Dans son traditionnel discours de Noël au Vatican, dimanche 25 décembre 2022, sa Bénédiction urbi et orbi, à l’intention « de Rome et de l’Univers », le pape François est revenu sur la calamité de la guerre, reprenant encore sa conviction que le monde est en train de vivre, à sa façon, une vraie « Troisième Guerre mondiale ».
Il a donné à cette guerre plusieurs aspects et des facettes variées allant des voix tonitruantes des armes, au bafouage des droits de l’homme et de la femme à l’égalité et à la dignité, ainsi qu’aux crises socio-économiques où la nourriture est devenue une arme de prise en otage de populations entières. A ce propos, il a évoqué dix pays : L’Ukraine, l’Afghanistan, « le conflit israélo-palestinien », le Yémen, la Syrie, la Birmanie, le Liban, Haïti, l’Iran et la corne de l’Afrique.
Noble tâche, sans doute, en référence à l’esprit de Jésus qui, en second commandement après l’amour de Dieu, enjoignait : « Tu aimeras ton prochain comme toi-même ». Personnellement, je ne peux que souscrire à de telles idées qui collent le sentiment religieux à la nécessité humaine plus actuelle que jamais d’une solidarité généralisée, même si j’y adhère plus quand elles sont portées par la conscience et l’action civile. Mais si la religion, n’importe quelle religion, contribue à sensibiliser les hommes à ce souci humain, jamais trop humain, et à ses valeurs inaliénables, pourquoi pas ? A condition que cette sensibilisation ne soit pas assujettie à des intentions de manipulation, de démagogie cultuelle, idéologique ou politique. Parlons donc plutôt d’éthique citoyenne, tant au niveau national qu’international, et n’impliquons pas Dieu, plus qu’il ne faut, dans nos atrocités, au moins pour ne pas ternir l’image que nous voudrions en avoir, à l’image de sa perfection.
Me voici déjà rédigeant une autre bénédiction, ou presque, bien n’en ayant aucun titre ; mais elle est la mienne, personnelle, que je voudrais bien partager avec qui voudrait y adhérer en bonne âme et conscience, sans nulle prétention de ma part à un quelconque rôle de guide spirituel, ni à l’indiscutable voix d’une vérité absolue. Tout juste une invitation à (s’)interroger et à se faire interroger, à converser pour un bout de chemin de vie avec les semblables, nullement hypocrites, mais frères dans la condition d’humanité.

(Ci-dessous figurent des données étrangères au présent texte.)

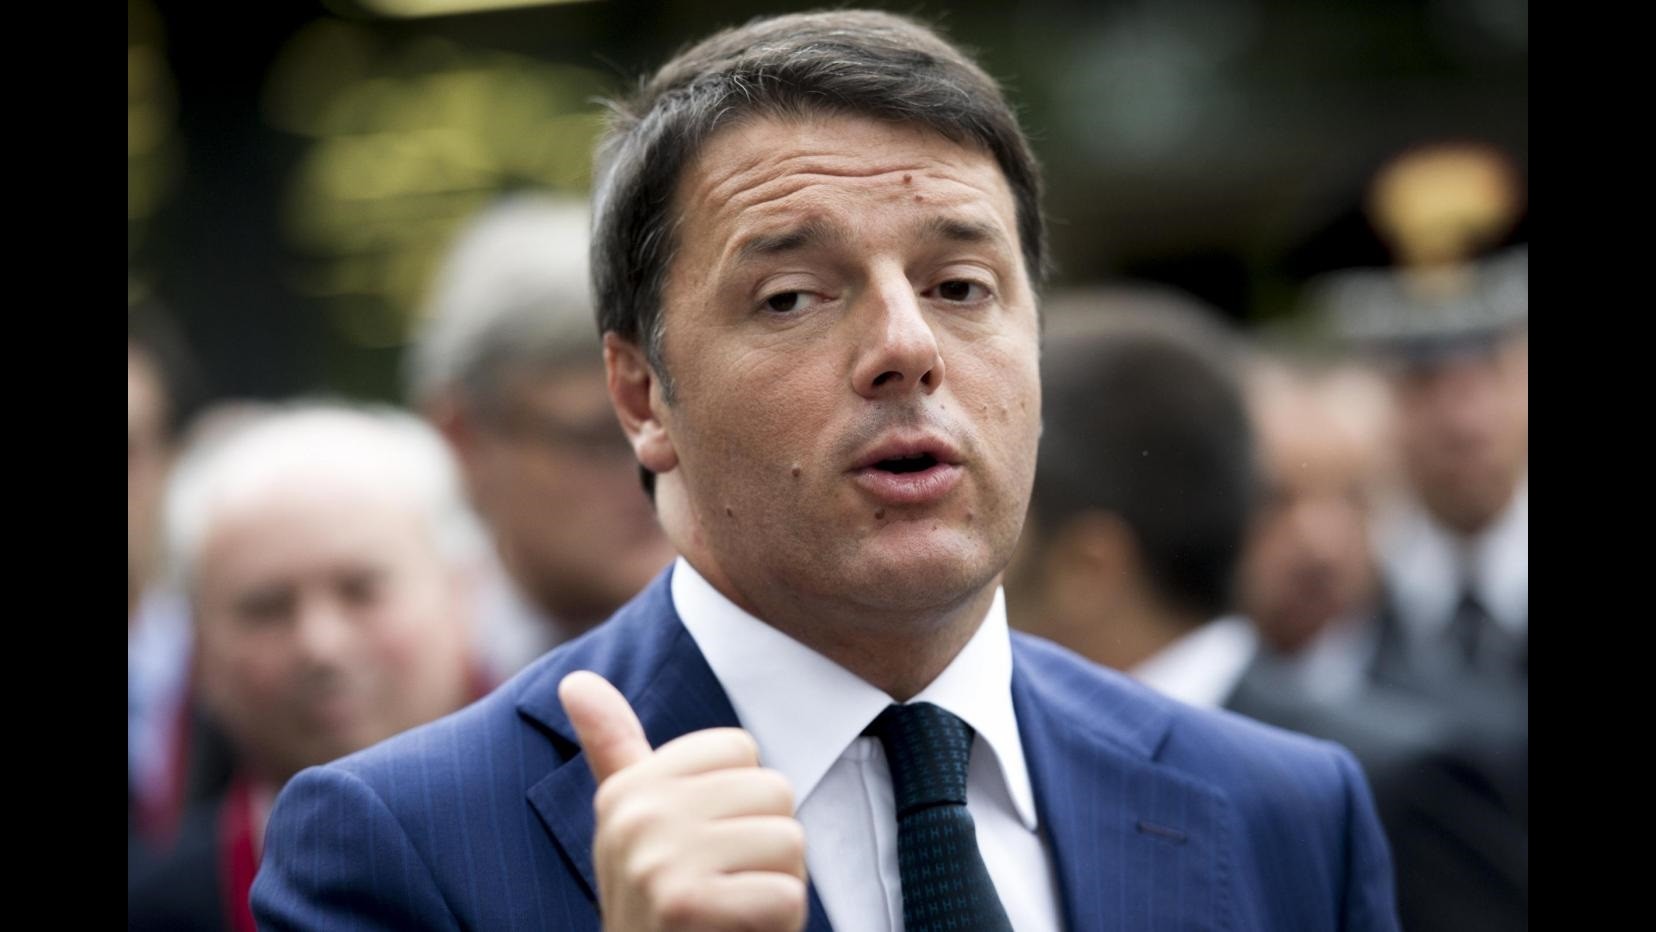 Lavoro, Renzi negli Usa: Far arrabbiare qualcuno, ma fare star bene tutti

Ainsi, puisque de bénédiction il s’agit, dans cette circonstance, je voudrais tant que ma Bénédiction ne soit pas « urbi et orbi », néo-romaine, autrement dit dans l’esprit de l’ancienne Rome, ni dans celui de toute autre capitale impériale. Je la définirais plutôt, ne serait-ce qu’à titre provisoire et analogique à contrario, comme une « Bénédiction JEROMEC & ORBI », secouant donc trois villes originaires du sacré monothéiste : Jérusalem, Rome et la Mecque.
Ma « Jéromec & orbi » appellerait ces trois foyers spirituels à se départir du caractère exclusif de la foi, à éviter surtout qu’au nom d’une morale exclusive, ils s’obstinent à forcer la croyance, plutôt que de la prendre pour une conviction individuelle, dans l’esprit d’un célèbre verset coranique, on ne peut plus signifiant, où Dieu dit à son Prophète : « Tu ne guideras pas qui tu as aimé mais Dieu guide qui il veut ». On peut ajouter également l’autre verset de même signifiance : « Vous avez votre religion et j’ai la mienne ». S’il est du droit de chaque religion de chercher à étendre son influence, qu’elle le fasse dans le devoir du respect de la liberté de choix de sa foi par chacun, le devoir du respect de la différence et surtout le devoir de croire vraiment que, pour un bon croyant, Dieu seul est le juste juge, le Juge juste des consciences des gens.
Quant aux hommes, ils doivent se respecter mutuellement, croyants de n’importe quelles religions, croyants et non croyants, dans le juste souci de consacrer la valeur et la dignité humaines, celles-ci étant inconcevables sans la considération de la différence et la consécration de l’altérité, dans un vivre-ensemble de la liberté et de la solidarité.